Сейчас он сидел в казарме, в отгороженном для канцелярии закутке, сосредоточенно склонясь над столом — вычитывал статью для очередного номера газеты. Было тихо, только надоедливо жужжали мухи, уже совсем по-летнему резвые. Время близилось к полудню, солнце припекало основательно, даже размаривало почти летним зноем, щедро вливаясь в комнату через распахнутое окно. Работалось хорошо, спокойно, карандаш в руке Яноша уверенно скользил по строкам.
Внезапно возникший далекий звук церковных колоколов заставил его насторожиться. Они звонили все громче, тревожнее. Неведомый звонарь, слышно было, очень торопился, колокольный звон был каким-то сбивчивым, звук набегал на звук. «Что бы это могло быть?» — прислушался Гомбаш.

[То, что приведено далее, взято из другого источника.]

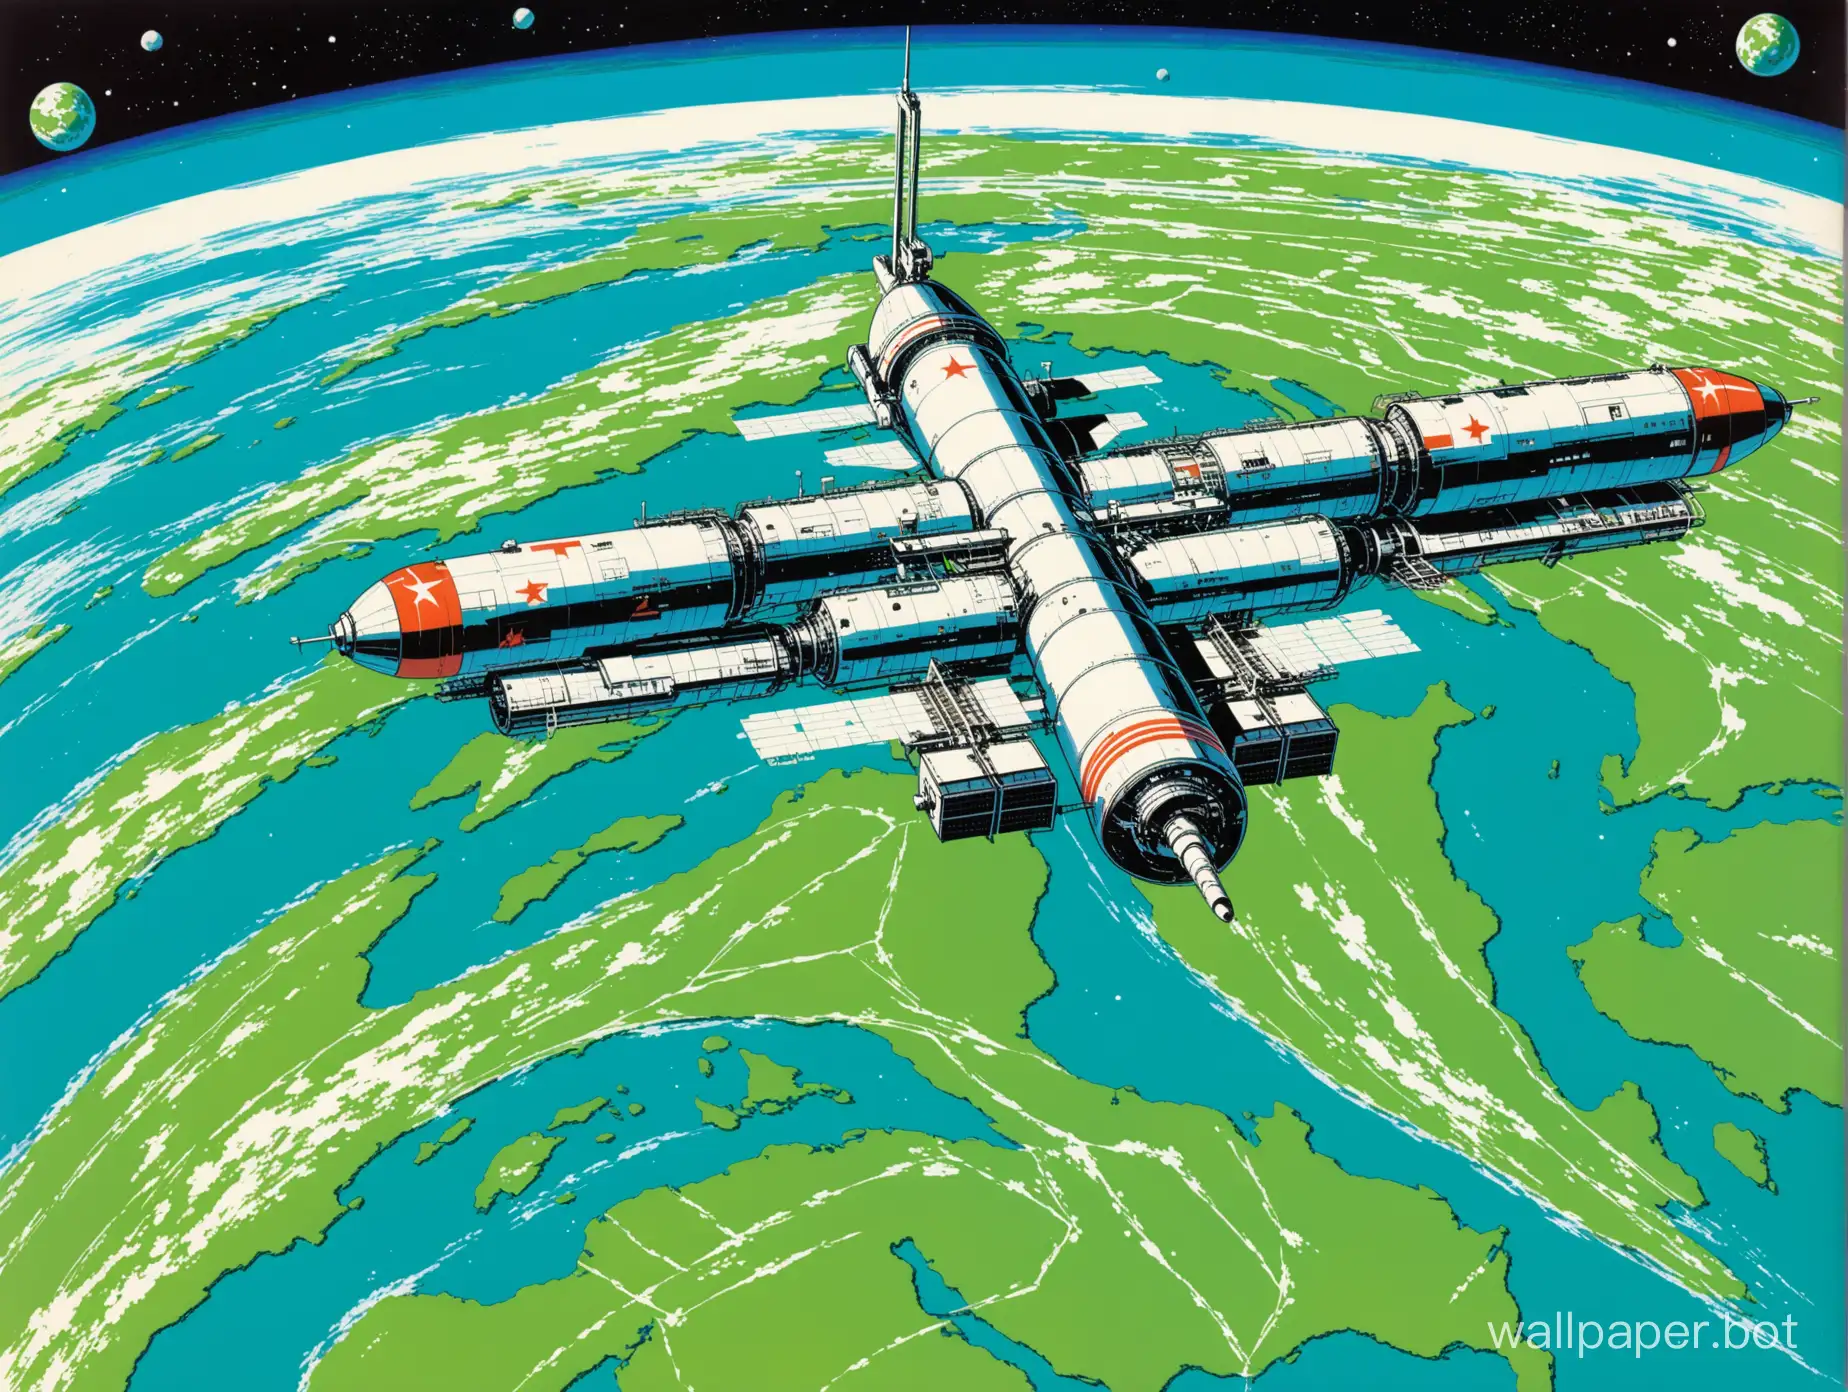 Soviet MIR space stations above the green Earth 80-s

Слышно было, как за дощатой перегородкой, в казарме, переговариваются бойцы:
— Почему звонят колокола?
— Пожар?
— Или у русских праздник?
Вдруг послышался торопливый топот сапог по дощатому полу — кто-то вбежал в казарму, крикнул:
— Тревога!
Гомбаш сунул листки со статьей в карман, выбежал из комнатушки — скорее взять винтовку!

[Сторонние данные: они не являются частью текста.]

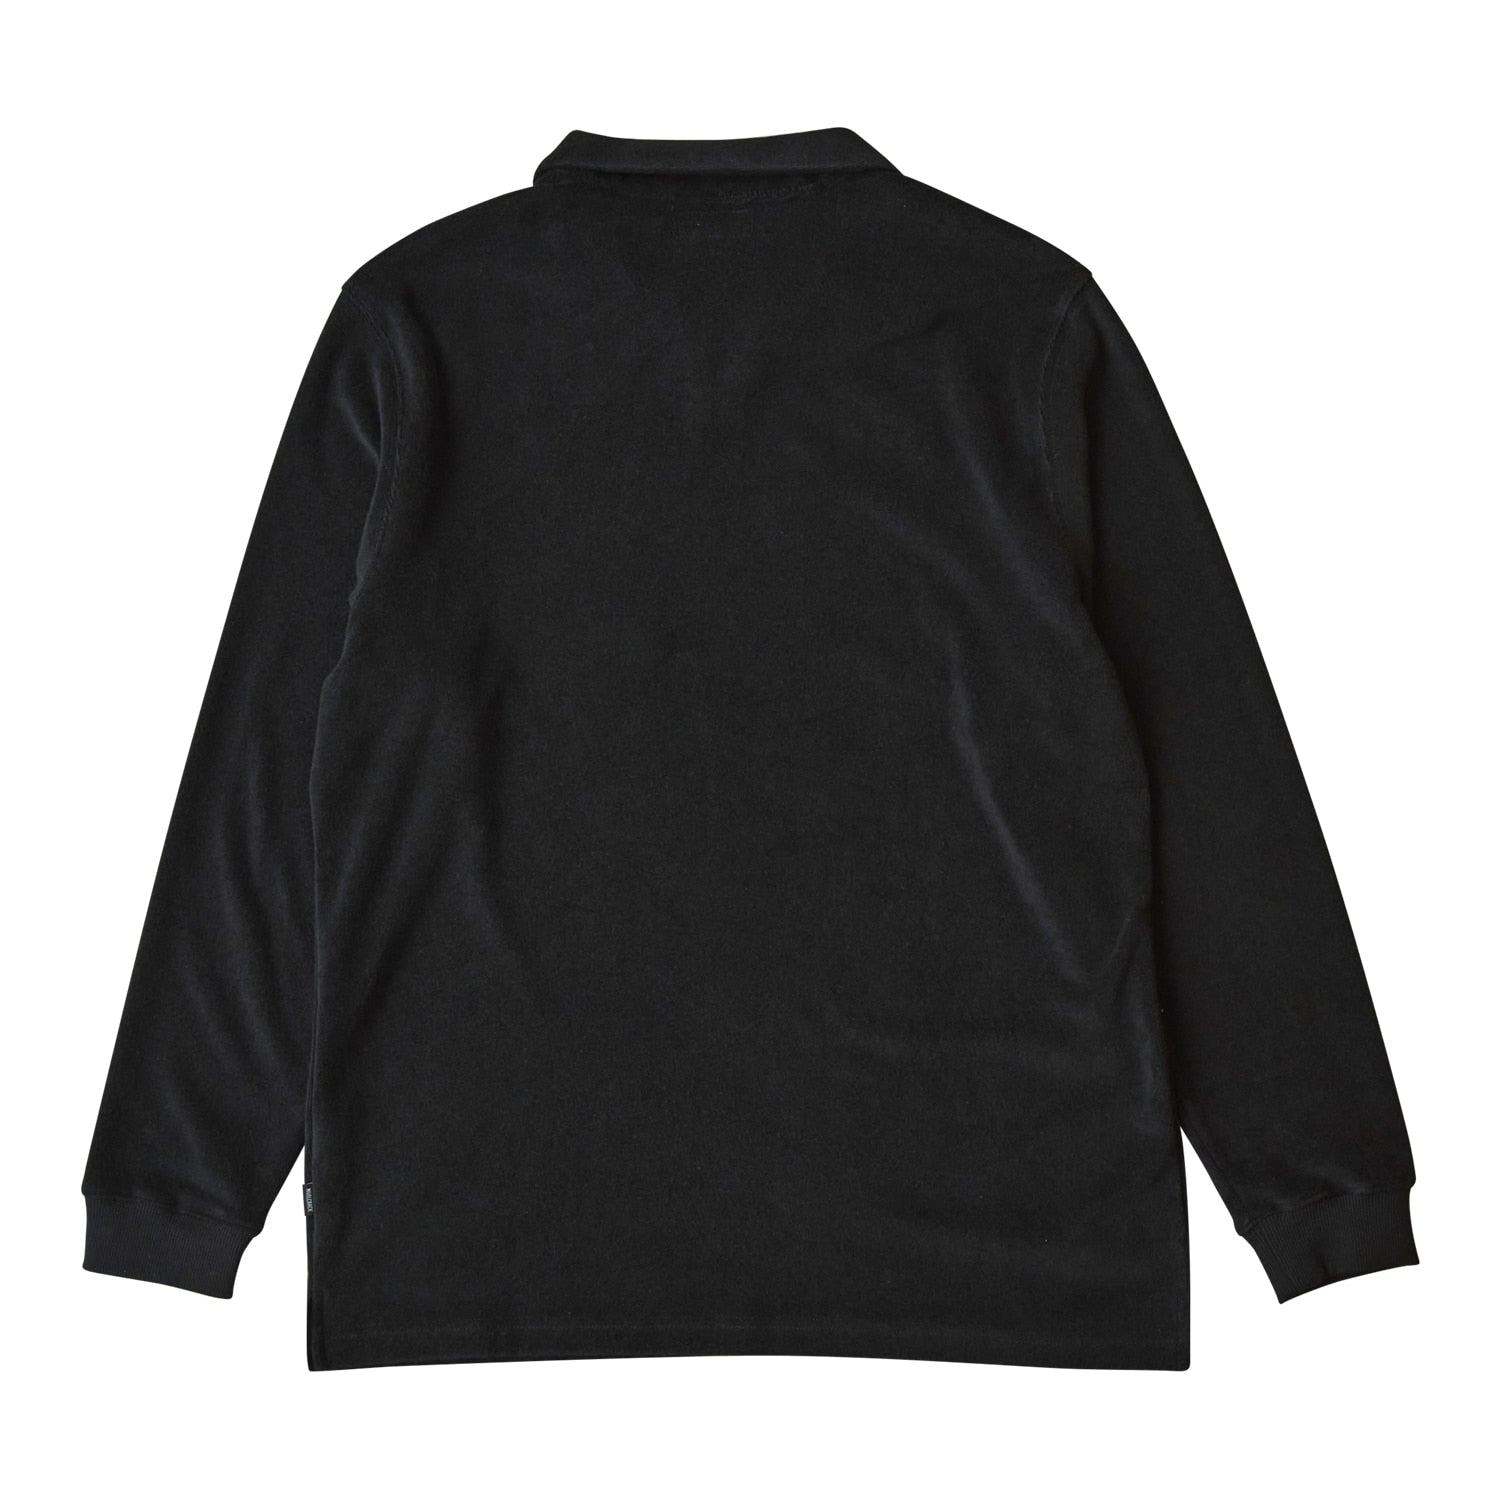 Nivelcrack Terry Drill Top - Black

Через две-три минуты все уже строились во дворе. Не дожидаясь, пока шеренги подровняются, Ференц, остановившись перед строем, крикнул:
— Внимание! В монастыре контрреволюционеры напали на наших людей. Спешим туда на выручку! Но будьте выдержанны. Первыми огня не открывать. Винтовки на ремень, за мной — бегом!

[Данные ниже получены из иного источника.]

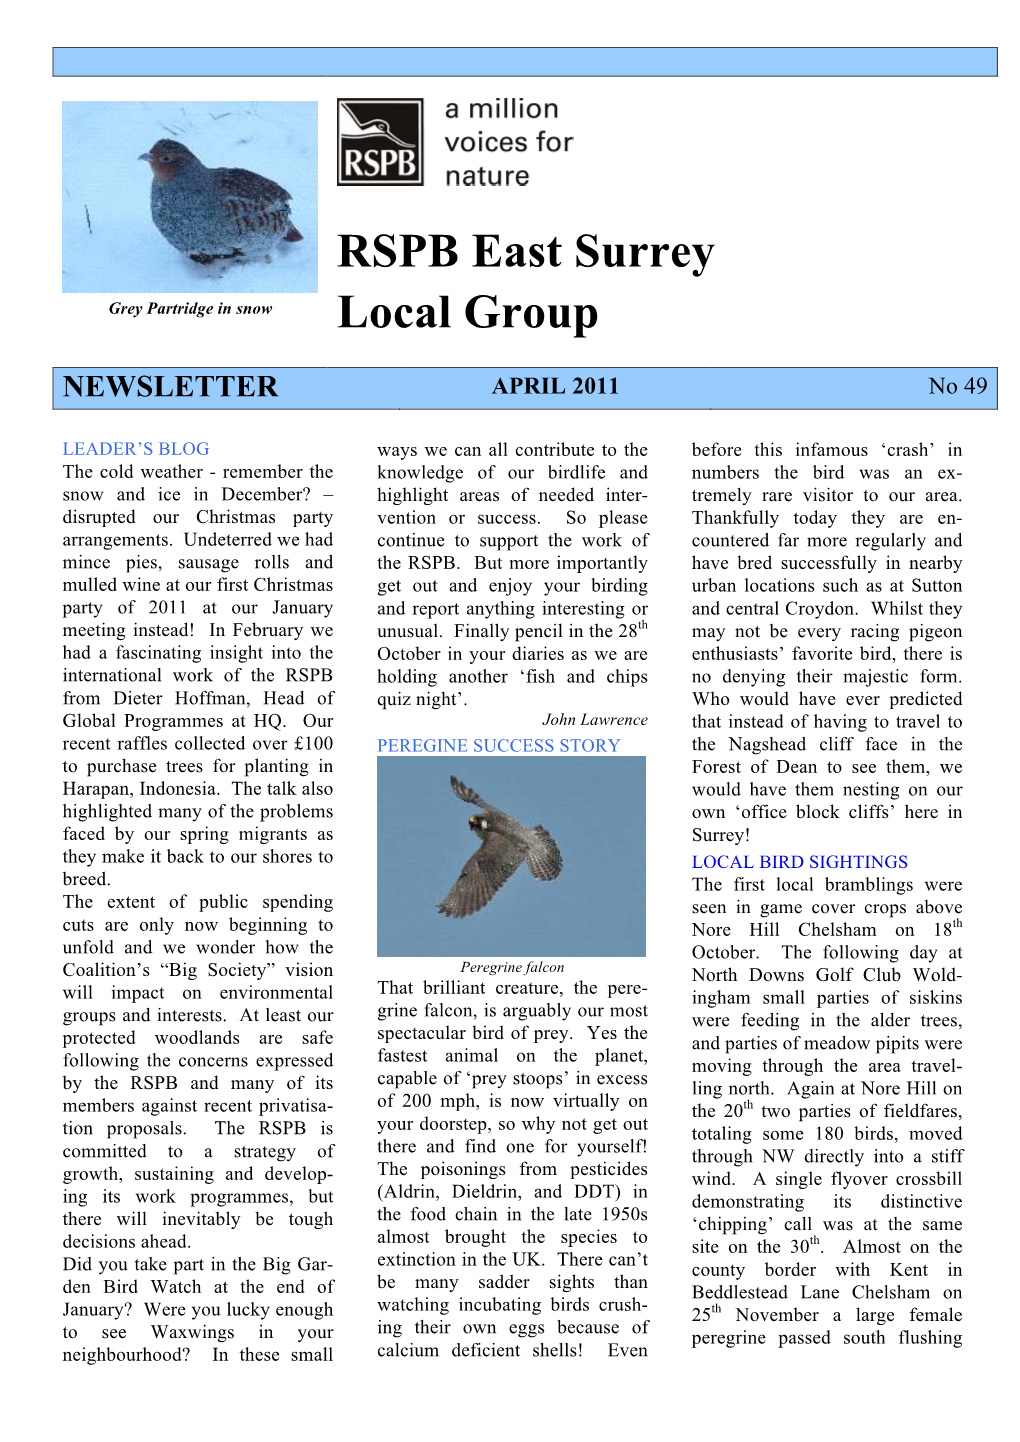 RSPB East Surrey Local Group

Этим утром в ломский мужской монастырь, находившийся на окраине города, отправилась давно туда собиравшаяся комиссия губисполкома по изысканию продовольствия для детских домов. Комиссия состояла из двух красноармейцев, выделенных Советом, завхоза одного из детдомов, представителя губнаробраза — «шкраба», как для краткости именовали школьных работников, и двух женщин, представительниц от рабочих — одна из них была с кондитерской фабрики, закрытой из-за отсутствия сырья, а другая — со спичечной, ею оказалась Ольга, которую делегировали в комиссию, учтя ее напористый характер и бойкий нрав.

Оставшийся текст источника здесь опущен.